On a plane, two Jews are having a conversation. In this short story – delivered at the 2004 Koret Jewish Book Award ceremony in New York – Barbara Honigmann humorously questions what Jews have in common, and what radically sets them apart.
Because the man sitting next to me on the flight to New York looked so much like my father, I assumed that he was Jewish, and I spoke to him in that vein until he confirmed it to me and I could tell him that I had already suspected as much and that I was Jewish too, and he said that he had already suspected as much too. So our conversation quickly moved from the weather to the Israeli-Palestinian conflict. Since we liked each other and didn’t want to fall out right away, after all, we still had eight hours of flight time together ahead of us, we were careful at first in expressing our opinions on the subject. Fortunately, however, it turned out that we had similar political ideas, and so we spent the time until lunch sketching out various peace initiatives.
As I ate my food, which was wrapped and sealed in many layers and declared kosher by the Paris Beth Din, while he ate his Air France meal, our conversation naturally turned to more religious topics. He explained his liberal, even, as he put it, “free” view of Judaism and the Jewish religion to me. We spoke English, but he said “free” in German, a word that has been preserved in Yiddish; and I explained my reasons for approaching the stricter view, and then we wished each other bon appétit and assured each other of mutual tolerance. After all: Kol Israel Chaverim! All Jews are companions to each other! If only it were the same beyond our chance encounter!
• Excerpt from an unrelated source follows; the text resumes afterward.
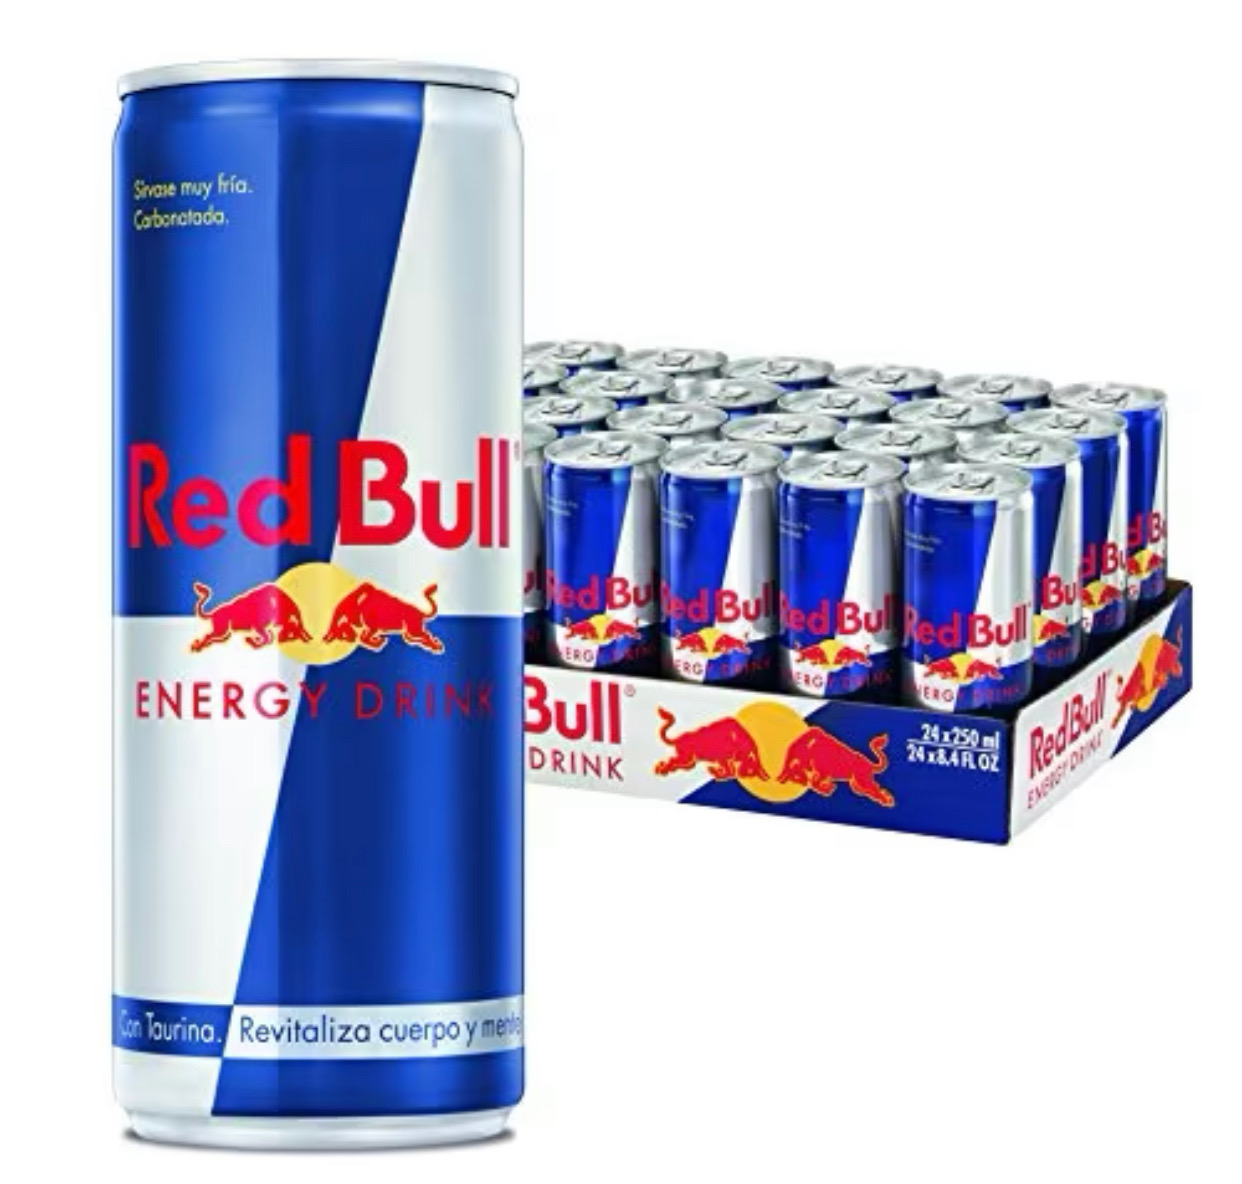 😍 24x Red Bull für 18,41€ (statt 35,76€) - 0,77€ pro Dose! ⚡️
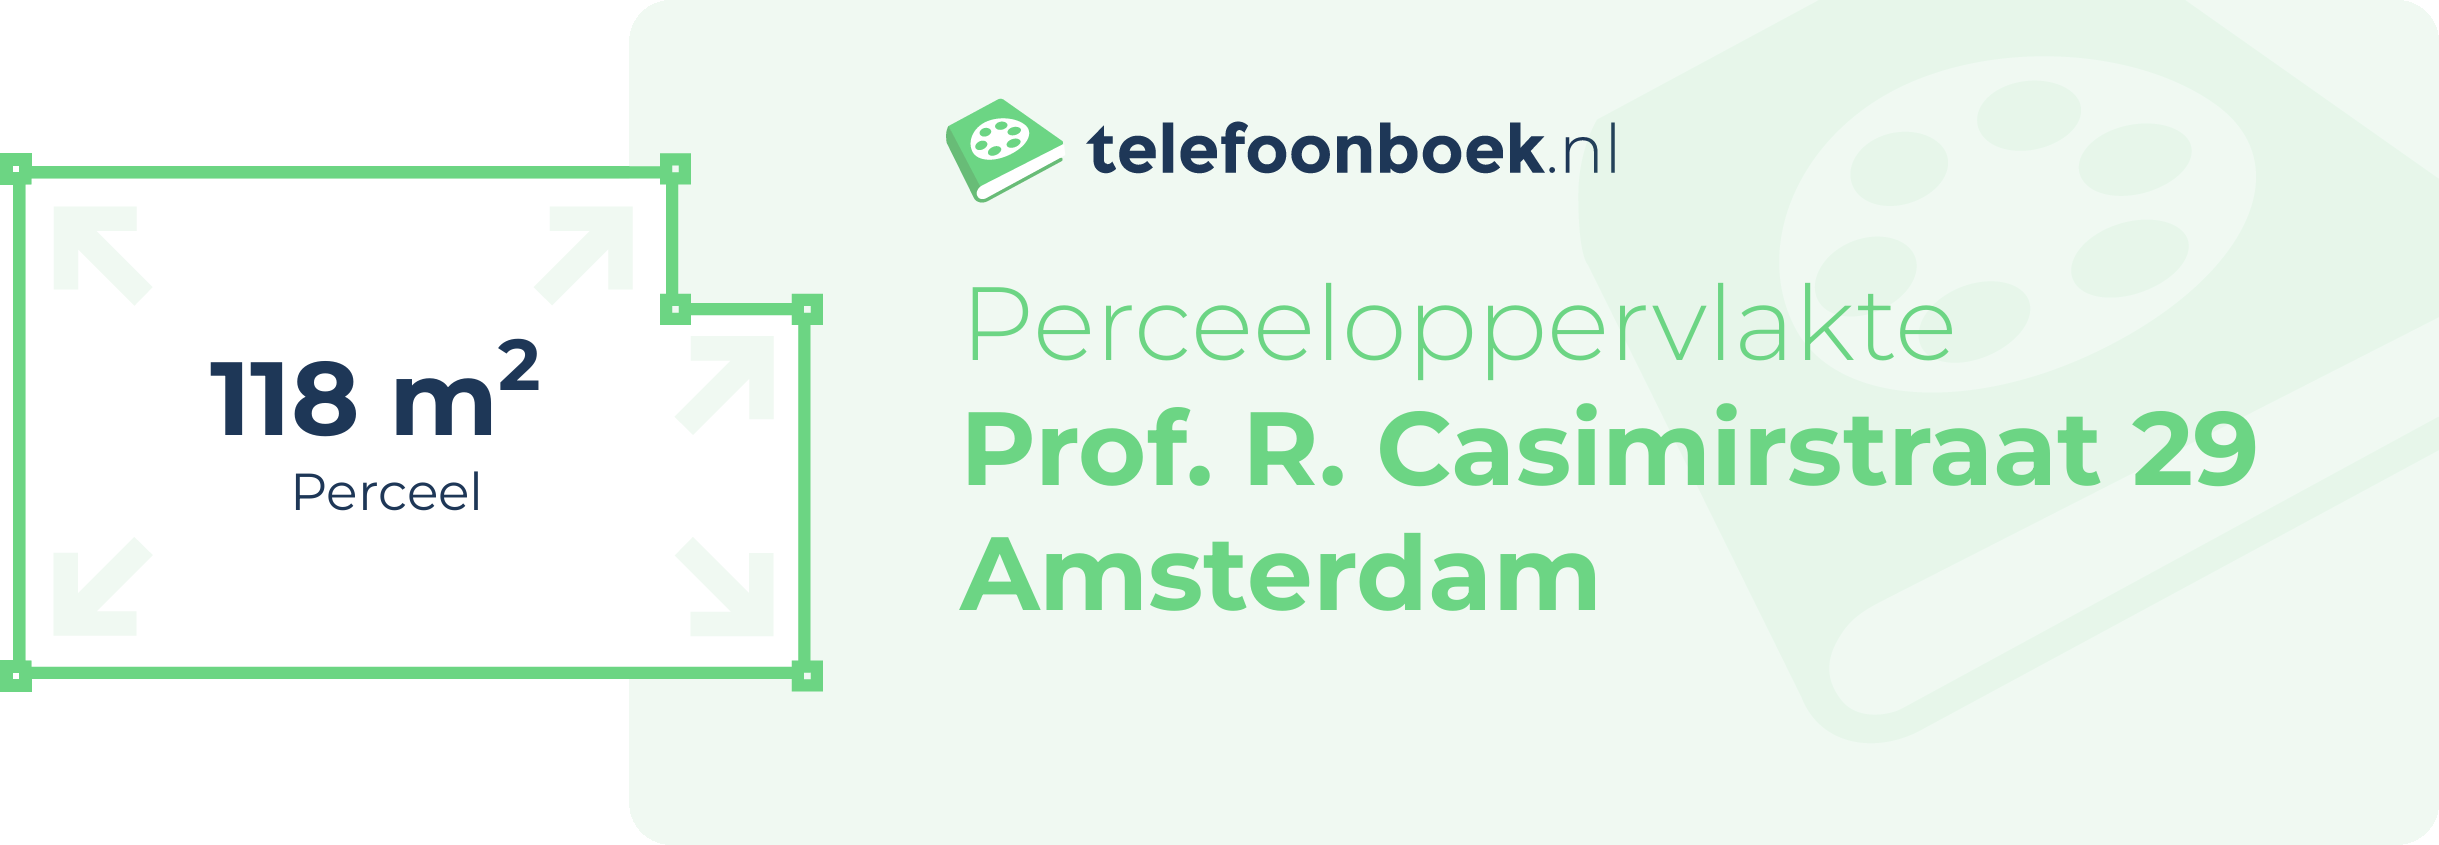 Perceeloppervlakte Prof. R. Casimirstraat 29 Amsterdam

Then we told each other our life stories, our own and those of our parents and spouses and their parents, which all sounded quite similar. My neighbor was a real New Yorker, but his parents had immigrated from Poland and had a successful leather goods business, which he inherited and then sold. He now lives near Florence, which had always been his dream. I then showed him my Longchamp handbag, which my friends had given me for my last big birthday, after all, five adult women had chipped in to buy it in the chic Longchamp boutique. But he only gave the bag a brief pitying glance. Well, he understood that it had an emotional value for me, but otherwise, the only place where they still made real leather goods was where he now lived, near Florence. He had become very close with one of these Florentine bag and suitcase artists, which was why he had moved there, to a small town right on the Arno. He didn’t miss New York.
I told him about my parents’ life stories, how they had survived the Nazi era, where they emigrated to, and that they came back to Germany after the war, which he was very surprised about, really?, and how I myself later emigrated from Berlin to France. We then touched on the situation of Jews in France. We wondered if there was a new antisemitism in Europe. And what about the USA? They are not protected from it either, oh no, they never were. Anti-Judaism is as old as the history of the Jews, it has always accompanied them, always for different reasons, or rather always for the same reasons, as many books have been written about it. But actually we don’t want to take an interest in antisemitism, that’s not our problem, it’s their problem. Yes, of course, we completely agreed on that.
And the airplane was already preparing to land; time had literally flown by during our conversation.
We parted ways before passport control, with him going through for U.S. citizens and me joining the line for non-U.S. citizens. We said goodbye, thanking each other for the pleasant company.
We were left with only one question: what do goyim actually talk about?